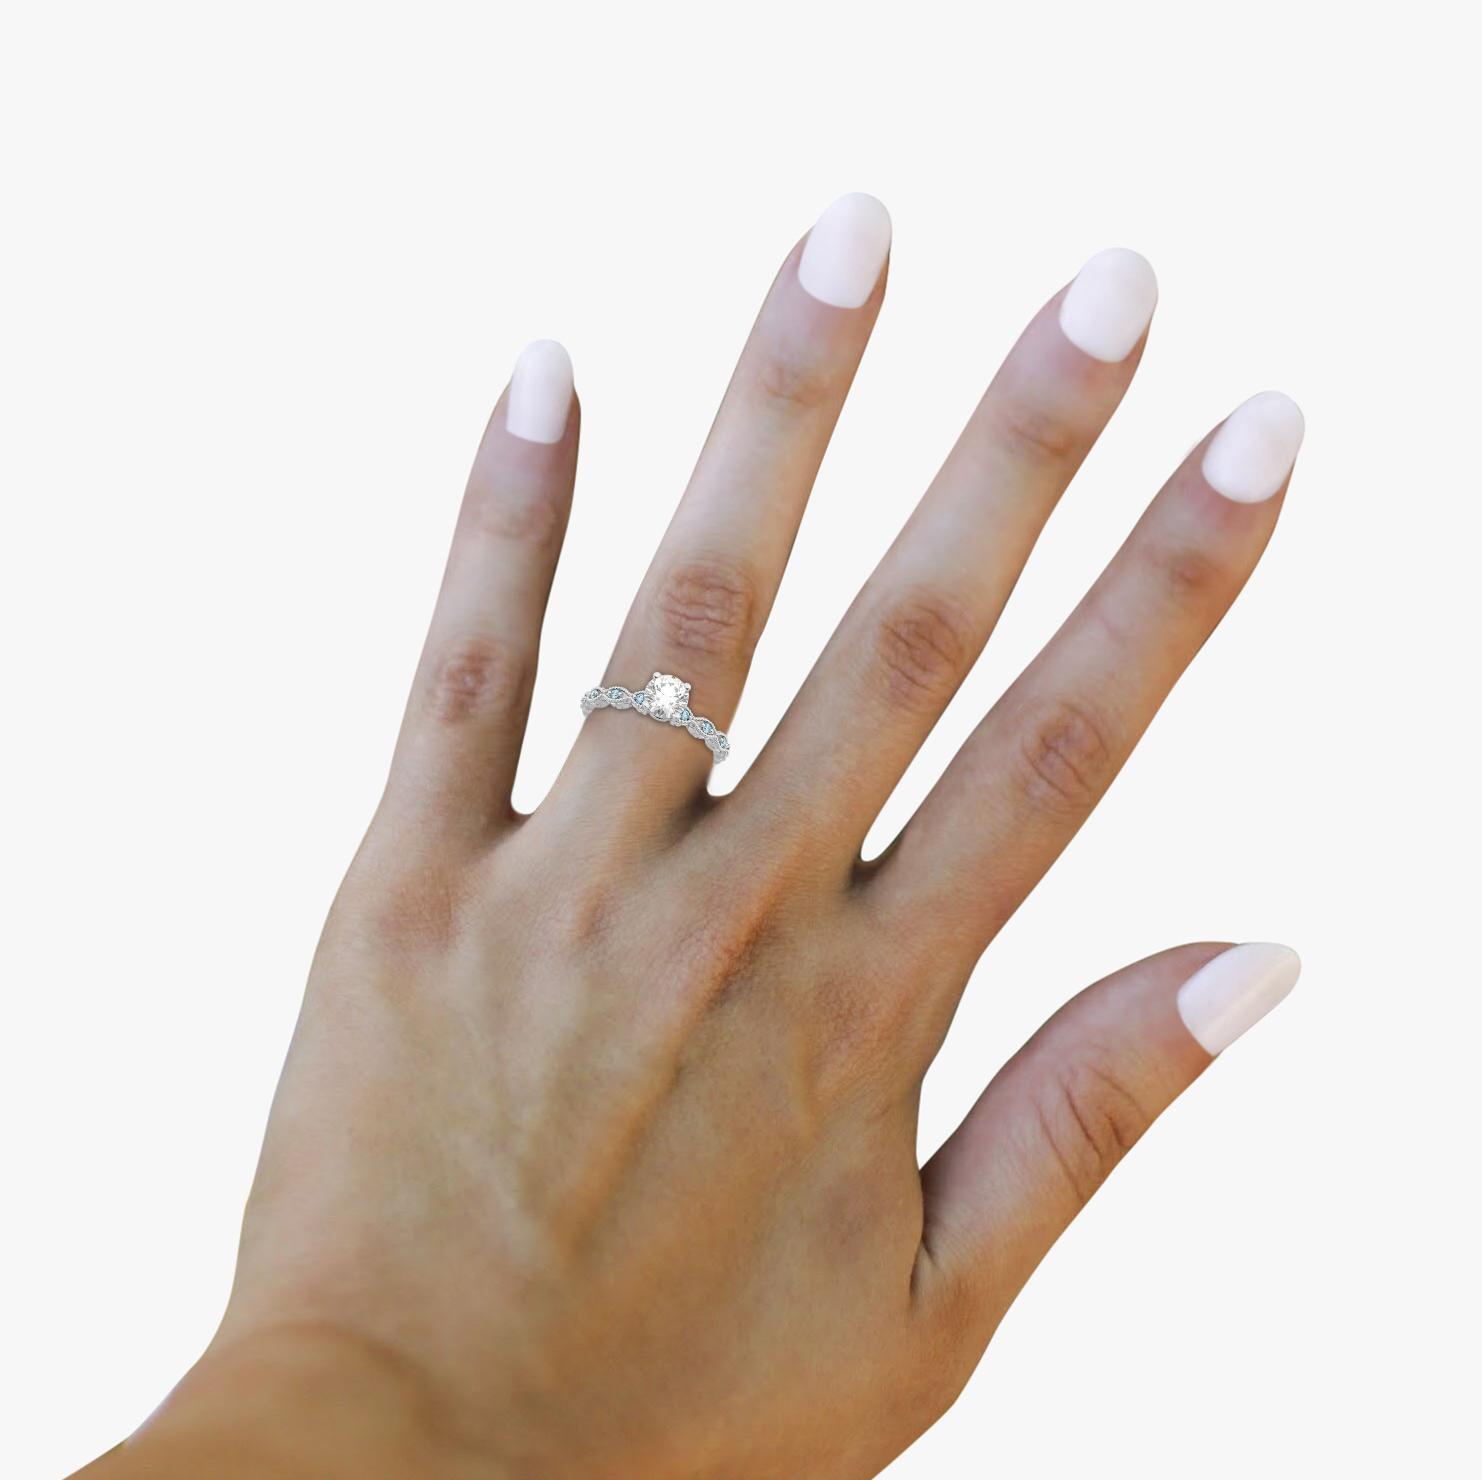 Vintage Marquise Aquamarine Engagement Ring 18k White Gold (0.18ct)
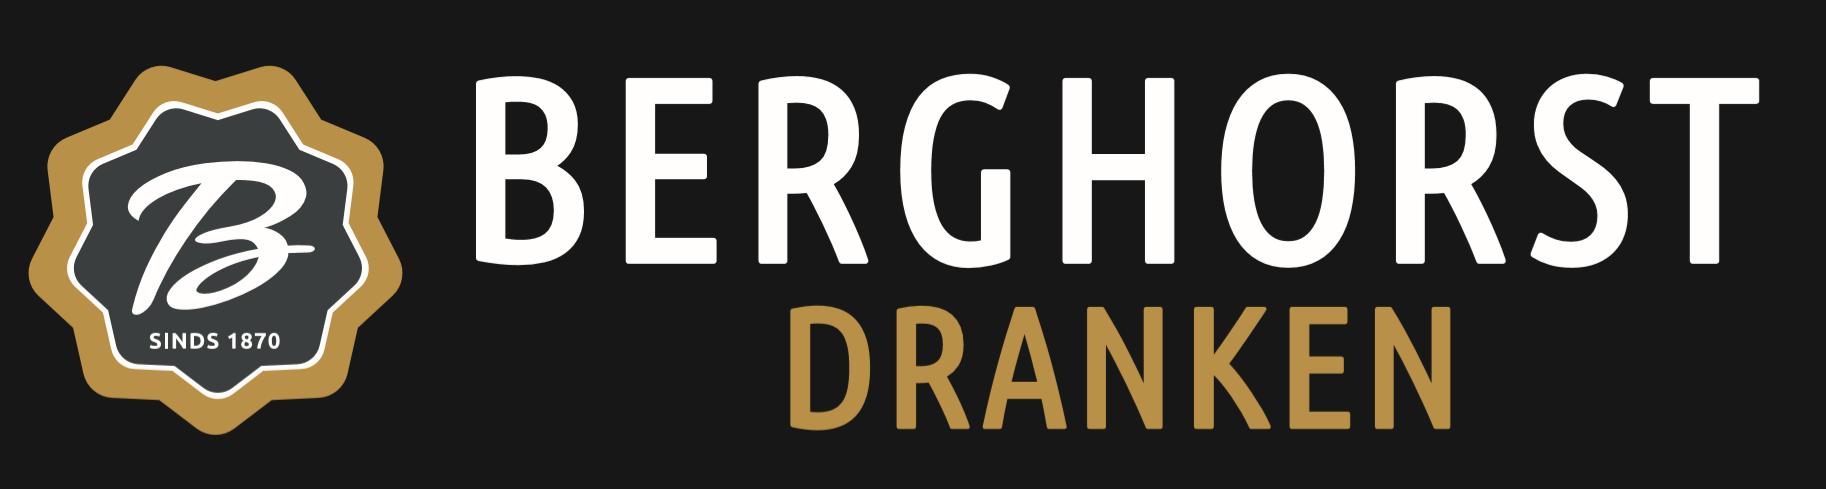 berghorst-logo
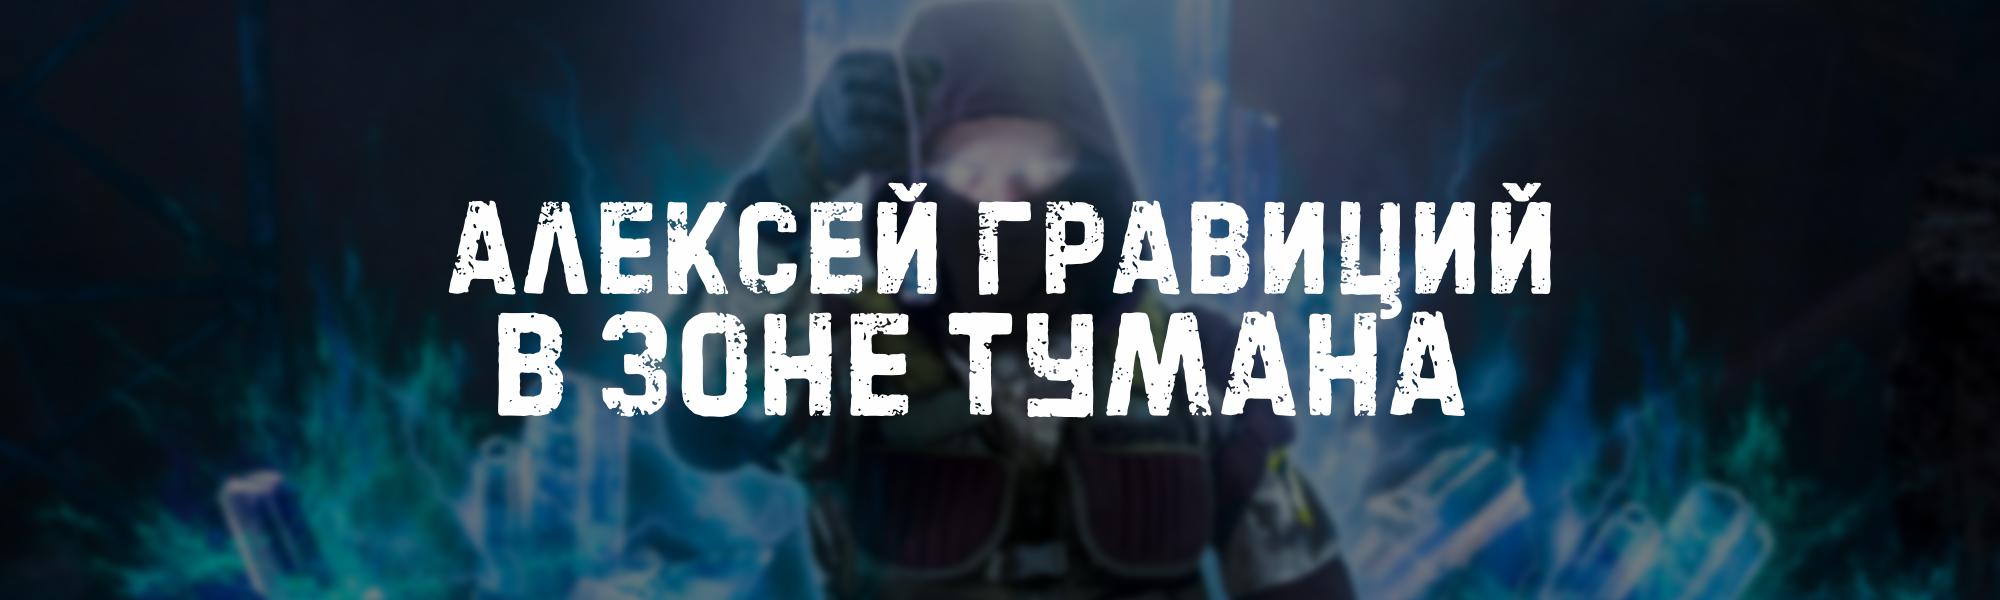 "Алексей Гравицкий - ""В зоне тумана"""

### [YOUR OBJECTIVE]
Every line above should be transcribed exactly, though no image should be carried over.

### [YOUR RESPONSE]
 Vintage Marquise Aquamarine Engagement Ring 18k White Gold (0.18ct)
 berghorst-logo
 "Алексей Гравицкий - ""В зоне тумана"""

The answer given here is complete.